BUN = blood urea nitrogen

Agents/Circumstances to Avoid

Untreated individuals with DBH deficiency should avoid hot environments, strenuous exercise, standing motionless, and dehydration.

Nephrotoxic drugs should be avoided.

Evaluation of Relatives at Risk

See Genetic Counseling for issues related to testing of at-risk relatives for genetic counseling purposes.

Pregnancy Management

The safety of using droxidopa during pregnancy has not been systematically evaluated, but its use appears justified considering that it is converted to norepinephrine, and that withholding treatment is likely to be riskier. At least three affected women have successfully given birth following uncomplicated deliveries while on droxidopa treatment [Scurrah et al 2002; I Biaggioni, personal observations].

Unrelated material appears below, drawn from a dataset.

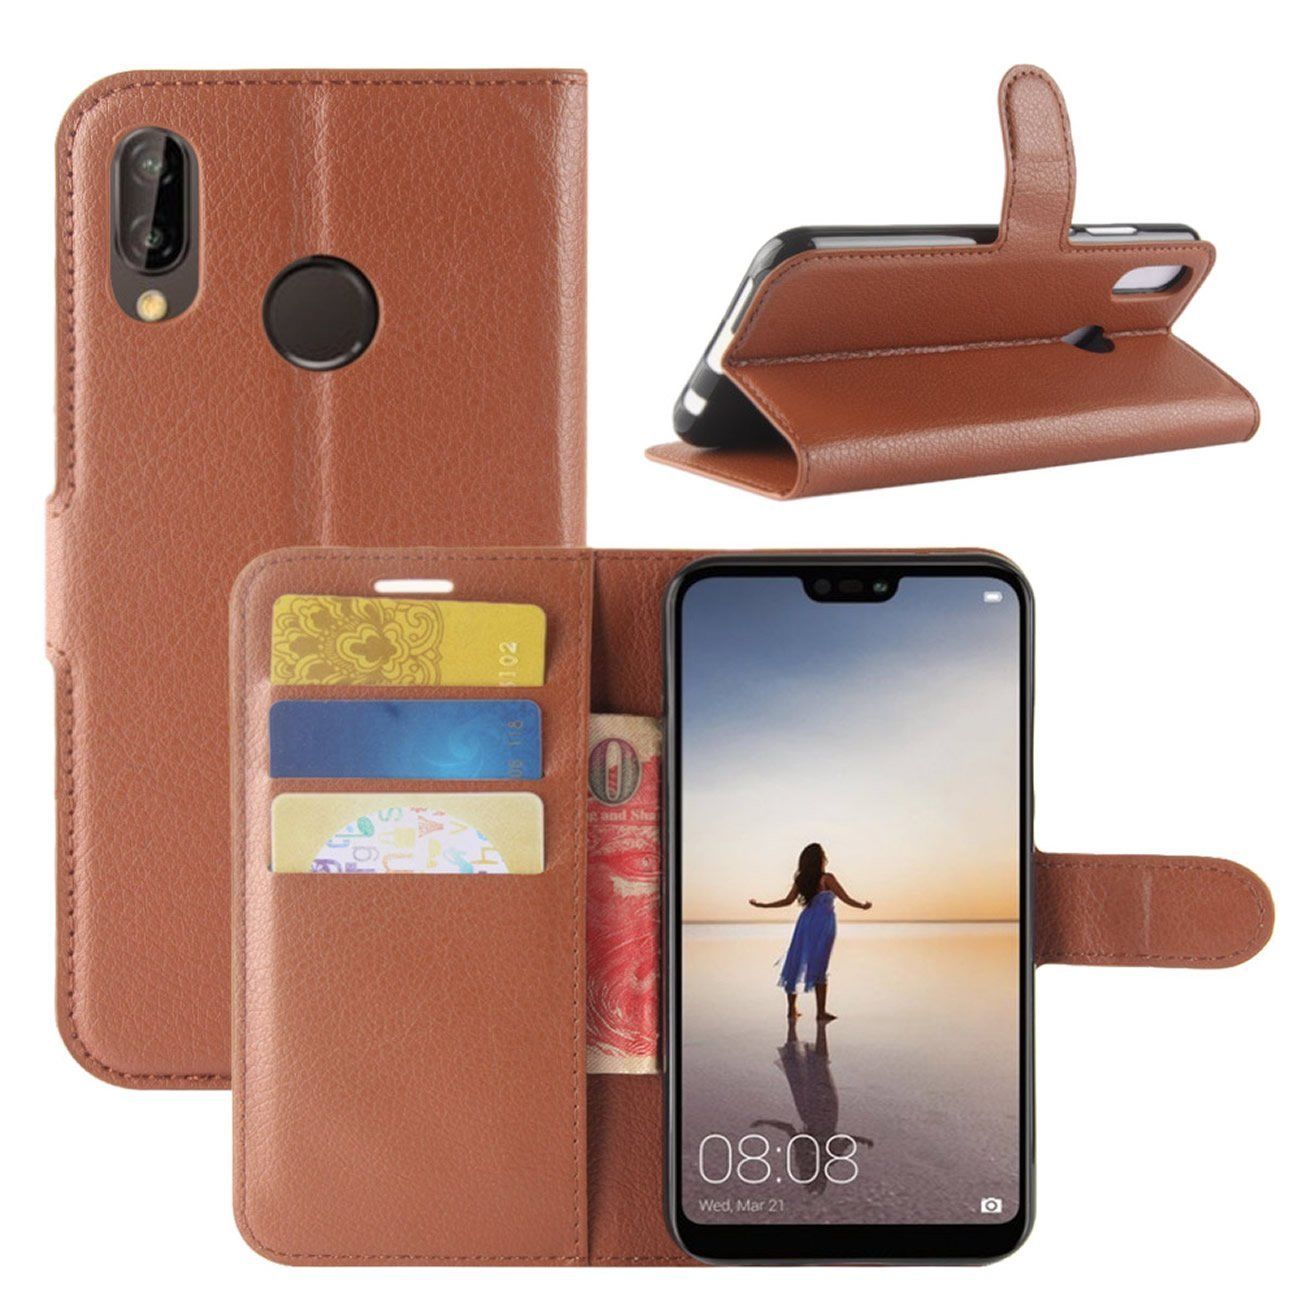 New Premium Leather Wallet Case TPU Cover For HUAWEI Nova 3e-Brown

Despite the limited data available, continuing droxidopa treatment during pregnancy has been recommended [Wassenberg et al 2021]. It is recommended that affected pregnant women have their blood pressure monitored regularly throughout the pregnancy and delivery so that the droxidopa dose can be modified as needed. One or two extra doses of droxidopa should be available as needed at the time of delivery. Dose adjustment may also be required post partum.

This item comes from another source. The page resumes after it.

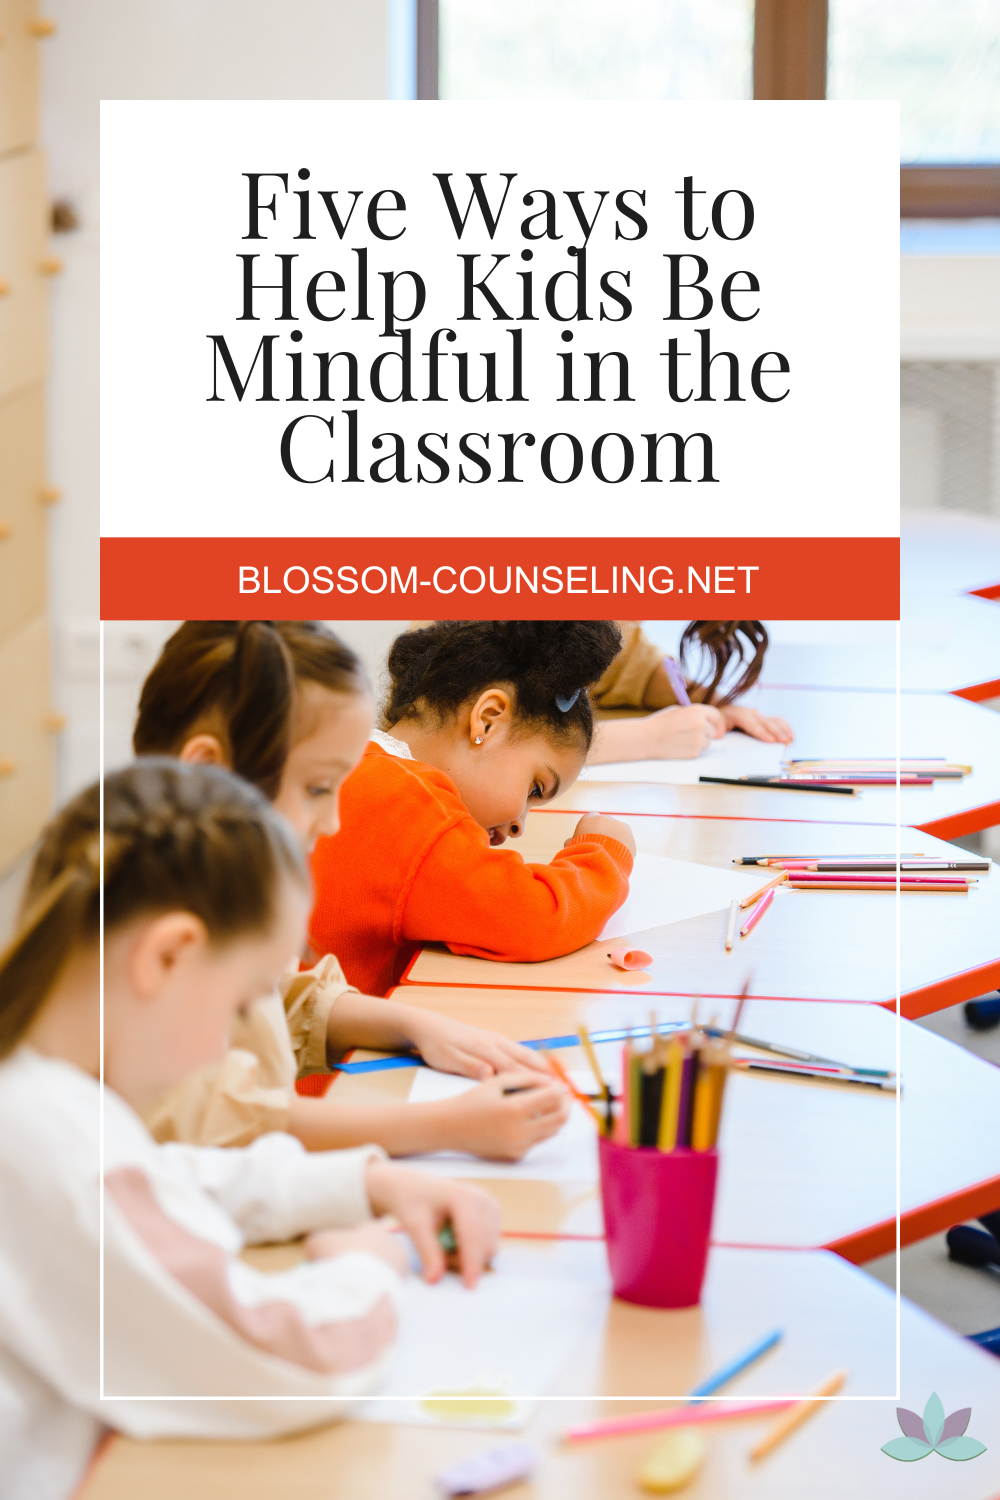 Five Ways to Help Kids Be Mindful in the Classroom

The effects of maternal droxidopa therapy on the developing fetus have not been studied in humans; however, studies on pregnant animals do not suggest an increased risk for malformations in offspring. See MotherToBaby for further information on medication use during pregnancy.

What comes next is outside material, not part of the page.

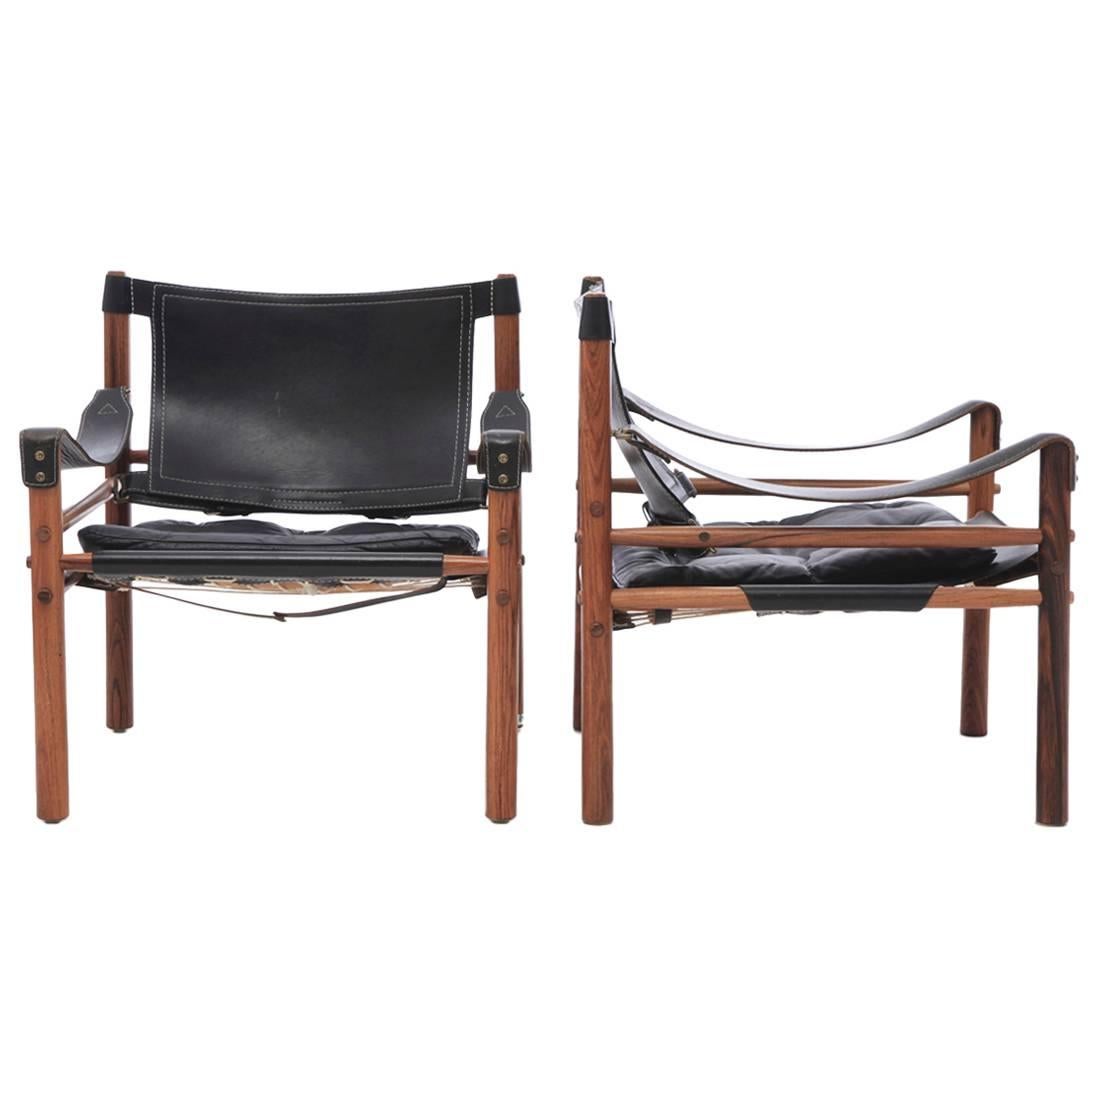 Pair of Arne Norell Safari "Sirocco" Chairs, 1960s, Sweden

Therapies Under Investigation

Search ClinicalTrials.gov in the US and EU Clinical Trials Register in Europe for information on clinical studies for a wide range of diseases and conditions. Note: There may not be clinical trials for this disorder.

Genetic Counseling

Genetic counseling is the process of providing individuals and families with information on the nature, mode(s) of inheritance, and implications of genetic disorders to help them make informed medical and personal decisions. The following section deals with genetic risk assessment and the use of family history and genetic testing to clarify genetic status for family members; it is not meant to address all personal, cultural, or ethical issues that may arise or to substitute for consultation with a genetics professional. —ED.

Mode of Inheritance

Dopamine beta-hydroxylase (DBH) deficiency is inherited in an autosomal recessive manner.

Risk to Family Members

Parents of a proband

  • The parents of an affected child are presumed to be heterozygous for a DBH pathogenic variant.
  • Molecular genetic testing is recommended for the parents of a proband to confirm that both parents are heterozygous for a DBH pathogenic variant and to allow reliable recurrence risk assessment.
  • If a pathogenic variant is detected in only one parent and parental identity testing has confirmed biological maternity and paternity, it is possible that one of the pathogenic variants identified in the proband occurred as a de novo event in the proband or as a postzygotic de novo event in a mosaic parent [Jónsson et al 2017]. If the proband appears to have homozygous pathogenic variants (i.e., the same two pathogenic variants), additional possibilities to consider include:
  • Heterozygotes (carriers) appear to be asymptomatic and are not at risk of developing the disorder. However, systematic evaluation of autonomic function in carriers has been insufficient to rule out any impairment.

Sibs of a proband

  • If both parents are known to be heterozygous for a DBH pathogenic variant, each sib of an affected individual has at conception a 25% chance of being affected, a 50% chance of being an asymptomatic carrier, and a 25% chance of being unaffected and not a carrier.
  • Heterozygotes (carriers) appear to be asymptomatic and are not at risk of developing the disorder. However, systematic evaluation of autonomic function in carriers has been insufficient to rule out any impairment.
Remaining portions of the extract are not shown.